- Task instructions: Given the material below, return only the lines starting at the line with "58 χιλ. Εκτυπωτής" and ending at the line with "Решение номер 6", exactly as they appear.

- Input data:
++++++

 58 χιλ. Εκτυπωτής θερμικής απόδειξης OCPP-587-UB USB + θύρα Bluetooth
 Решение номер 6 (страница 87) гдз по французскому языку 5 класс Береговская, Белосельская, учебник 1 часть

++++++

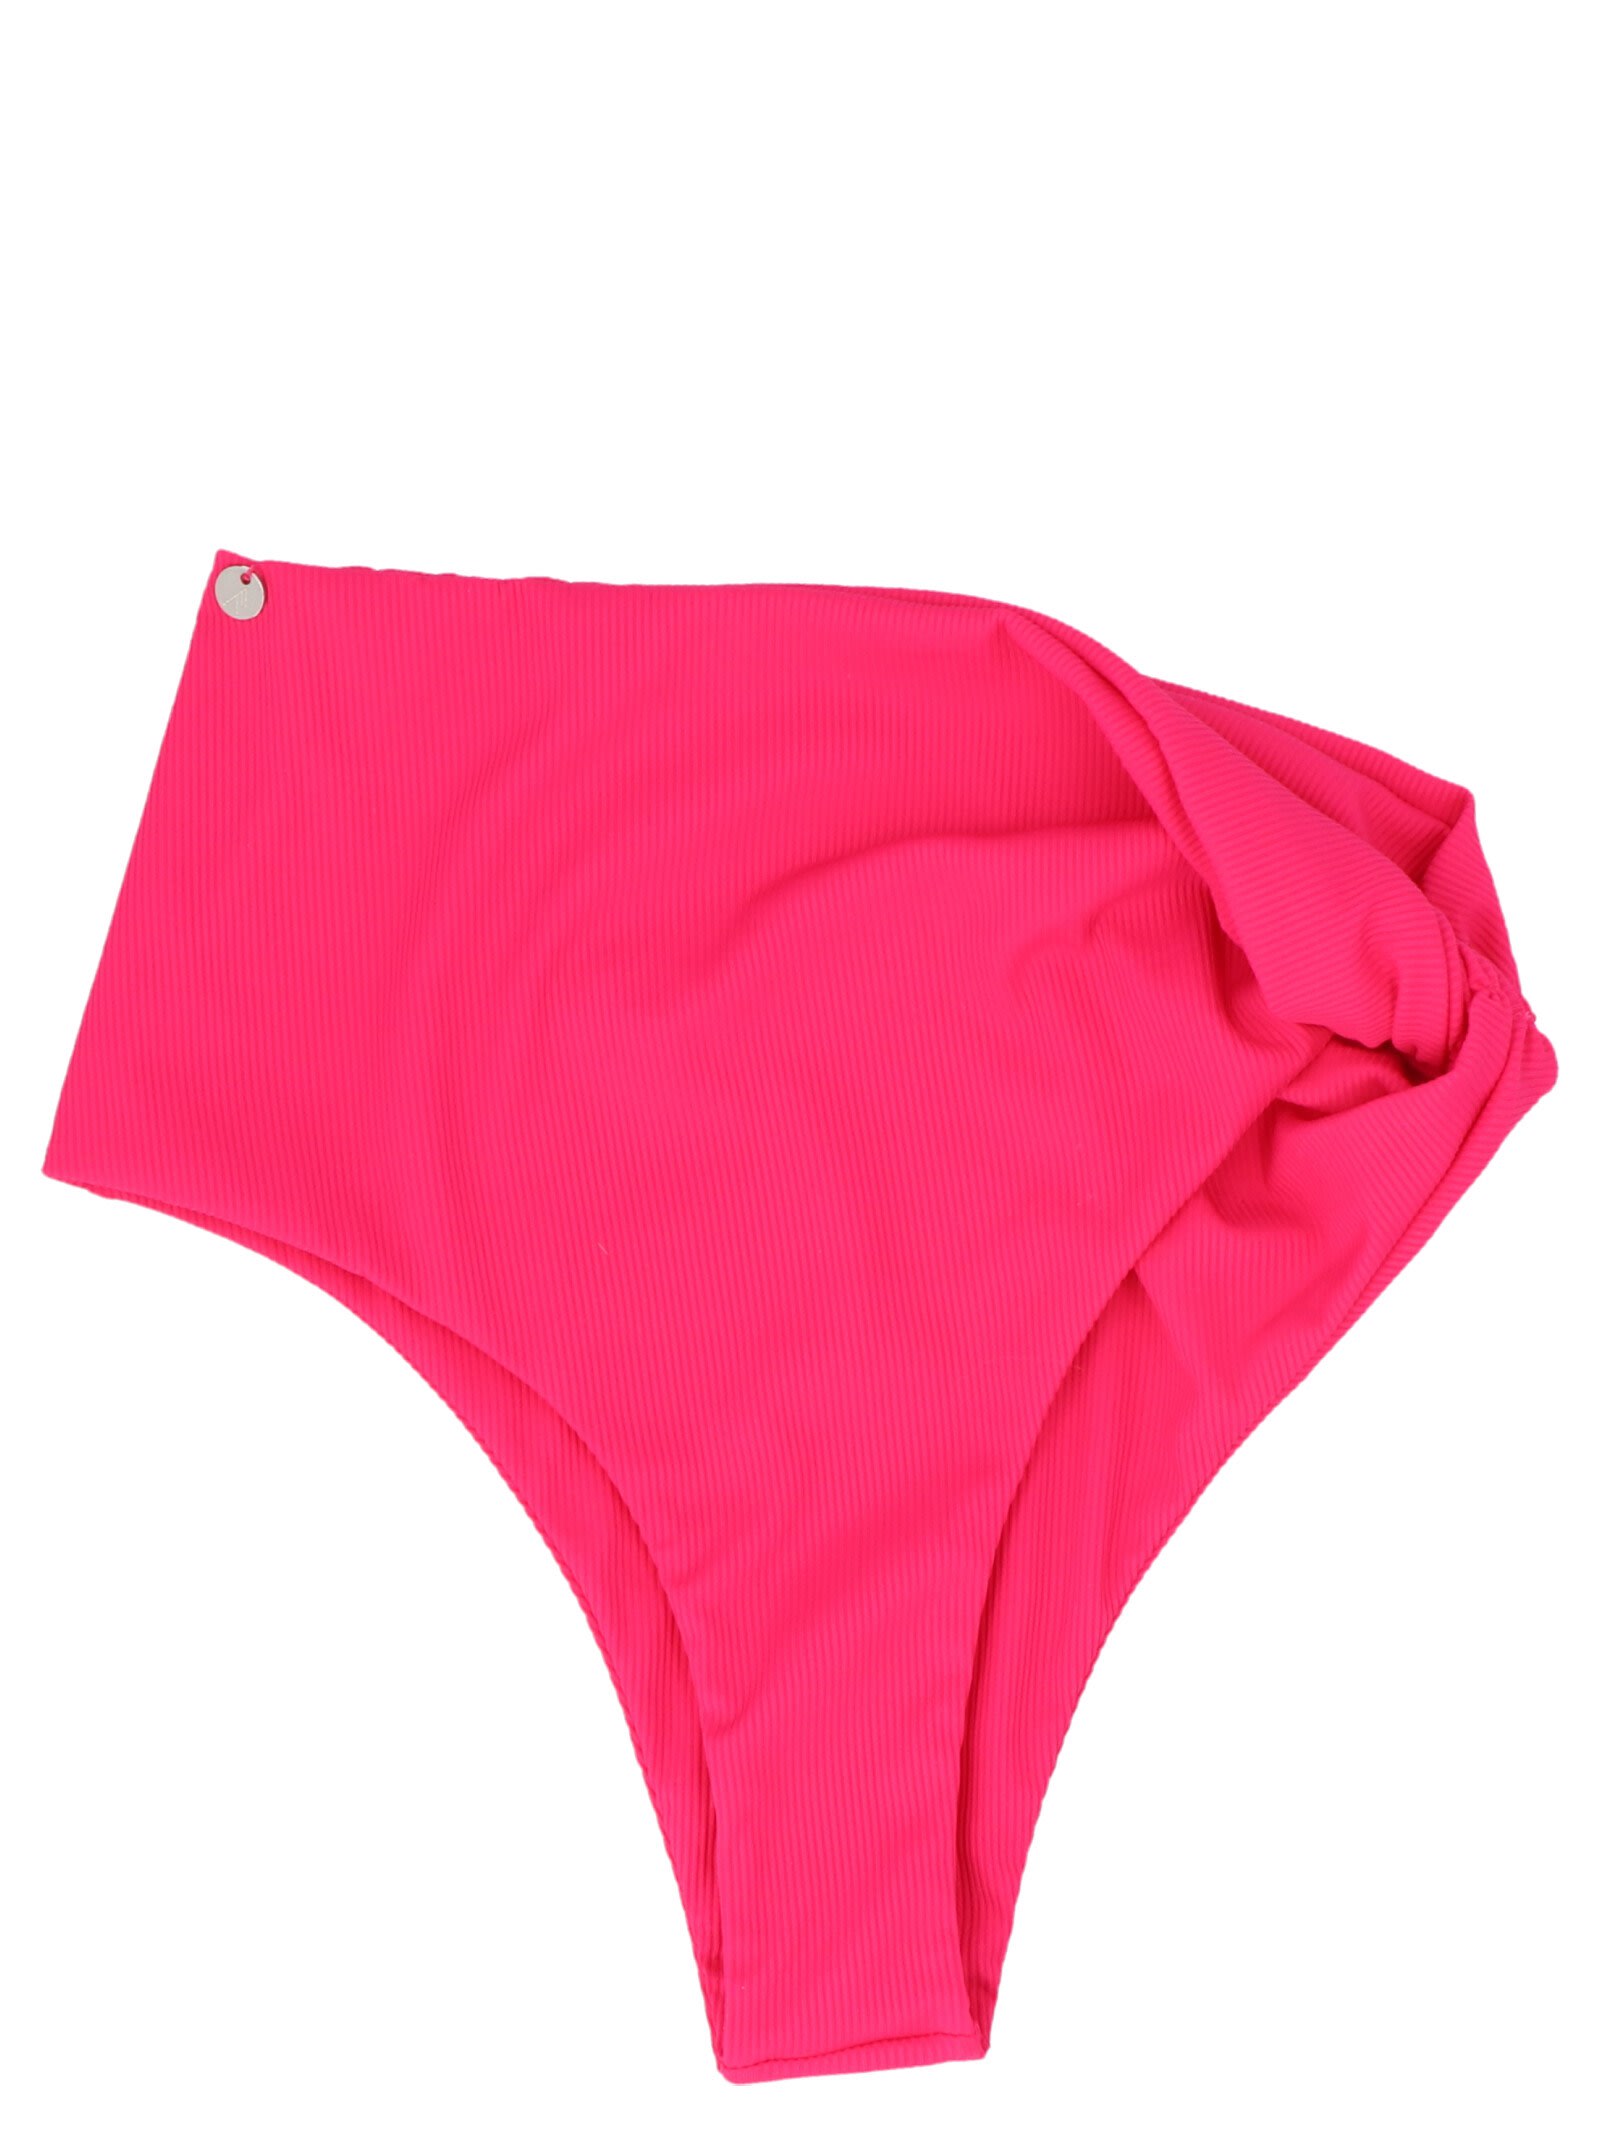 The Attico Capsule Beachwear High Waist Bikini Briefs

++++++

- Finished task:
 58 χιλ. Εκτυπωτής θερμικής απόδειξης OCPP-587-UB USB + θύρα Bluetooth
 Решение номер 6 (страница 87) гдз по французскому языку 5 класс Береговская, Белосельская, учебник 1 часть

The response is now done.